Nyquist plots of the Ni@Cu-MOF before and after 1200 cycles. Electrochemical properties of the Ni@Cu-MOF/activated carbon (AC) asymmetric supercapacitor.

To further explore the energy storage application of the Ni@Cu-MOF electrode, an ASC device was built with a positive electrode (Ni@Cu-MOF) and a negative electrode (activated carbon, AC). According to the CV results, in the three-electrode system in the 6 M KOH solution, the potential window of the Ni@Cu-MOF and AC was in the ranges of 0–0.6 V and −1.0 to 0 V (Figures S7 and S8). As shown in Figure 7a,b, the CVs at various scan rates from 2 to 100 mV/s and the GCD curves at various current densities from 1 to 1 0 A/g displayed a potential window from 0 to 1.6 V. The CV curve did not change at a high scan rate (100 mV s−1). The results showed that the ASC device has the potential for a high power delivery [24]. The specific capacitance (C), power density (P), and energy density (E) of the ASCs were calculated from the GCD curves at 1 A/g. As shown in Figure 7b, the ASCs achieved a potential as high as 1.6 V. Moreover, the value of Cs was calculated from the GCD curves, and a specific capacitance of 48.7 F/g at a 1 A g−1 was observed. The ASCs delivered a high energy density of 17.3 Wh/kg at a power density of 798.5 kW/kg.

Figure 7

CV curves (a) and the charge–discharge curves (b) of the Ni@Cu-MOF/activated carbon asymmetric supercapacitor measured in a 6 mol L−1 KOH electrolyte solution.

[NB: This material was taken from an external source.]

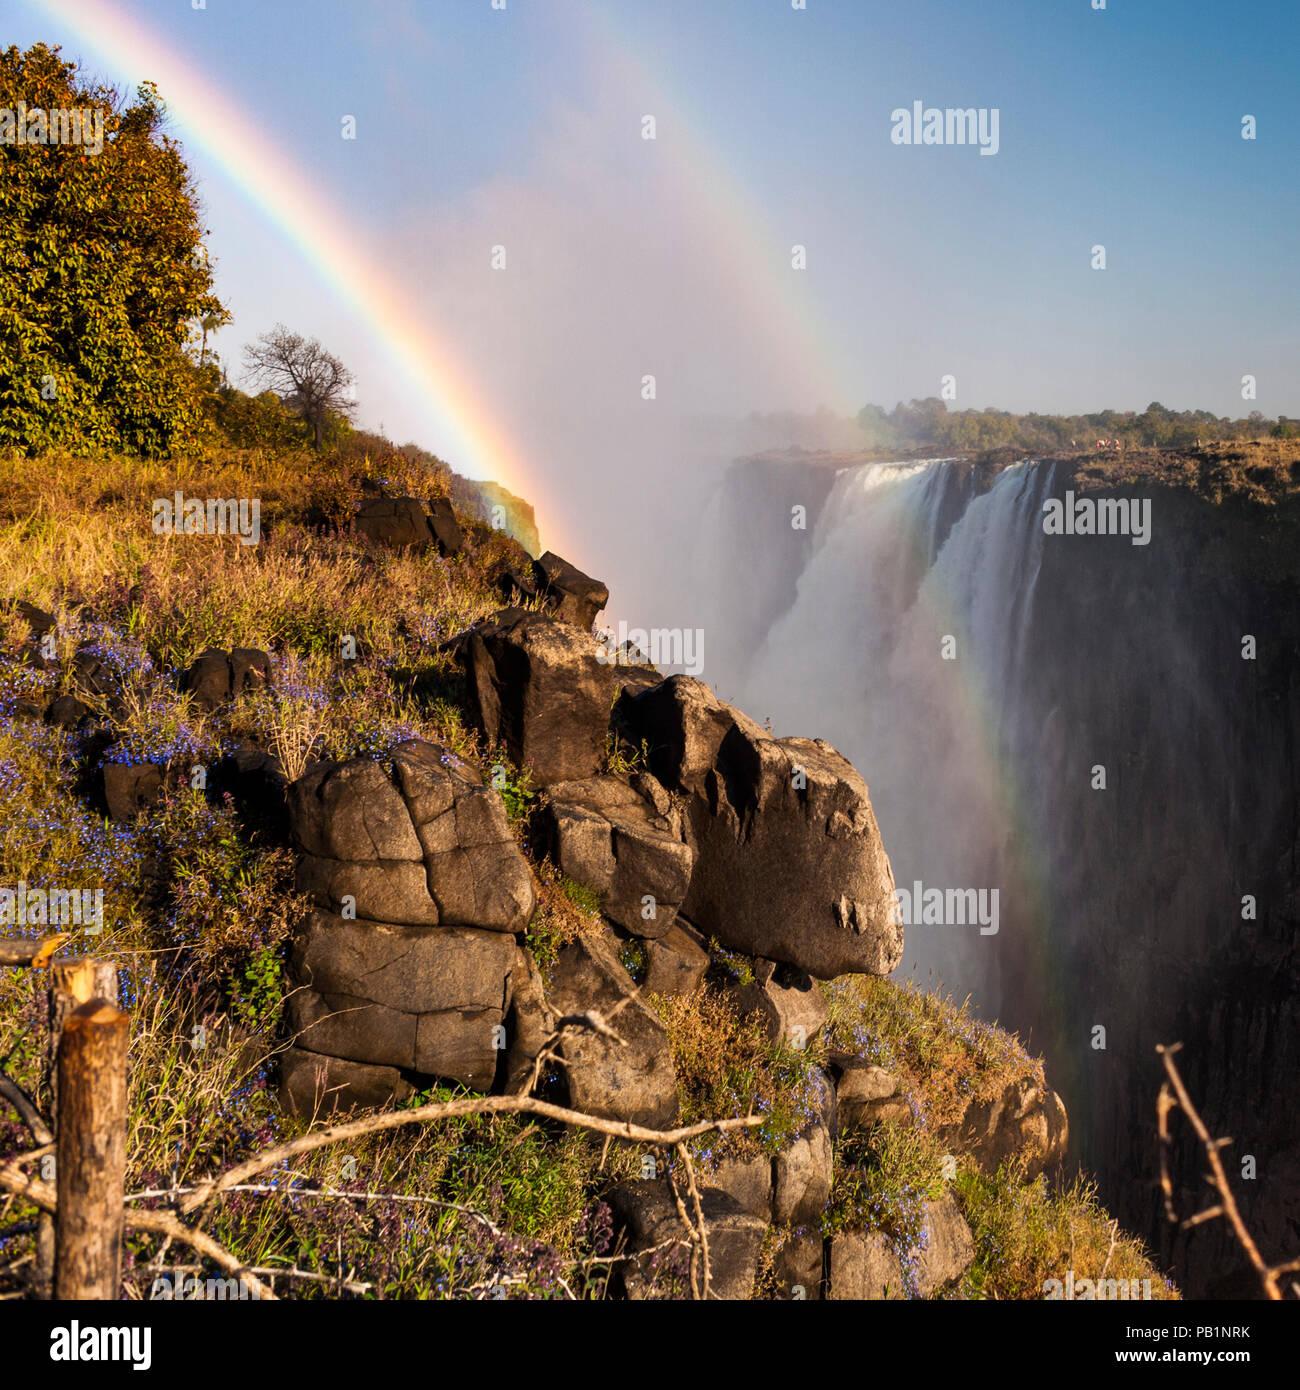 Las cataratas Victoria en Zimbabwe, África Imagen De Stock

Furthermore, cycling stability tests of the ASCs were evaluated at 1 A/g, as shown in Figure 8. After 1000 cycles, the capacitance of the ASCs was maintained at ~63%. Therefore, the Ni@Cu-MOF has potential for practical applications.

Figure 8

Cycle performance of the Ni@Cu-MOF-based asymmetric supercapacitor at a current density of 1 A/g.

4. Conclusions

In summary, a hybrid bimetallic Ni@Cu-MOF was prepared by a facile volatilization method and a post-modification synthesis method at room temperature. The bimetallic Ni@Cu-MOF delivered a higher specific capacitance of 526 F g−1 at 1 A g−1 than the monometallic Cu-MOF (126 F g−1). The results were attributed to the coexistence of Ni and Cu elements with good cycling stability (80% retention over 1200 cycles). An ASC based on Ni@Cu-MOF and activated carbon (as positive and negative electrodes) delivered a specific capacitance of 48.7 F g−1 at 1 A g−1 and a high energy density of 17.3 W h kg−1 at a power density of 798.5 W kg−1. These results show that bimetallic MOFs are promising materials for SCs. This work encourages us to design and fabricate multicomponent MOF electrode materials for SCs.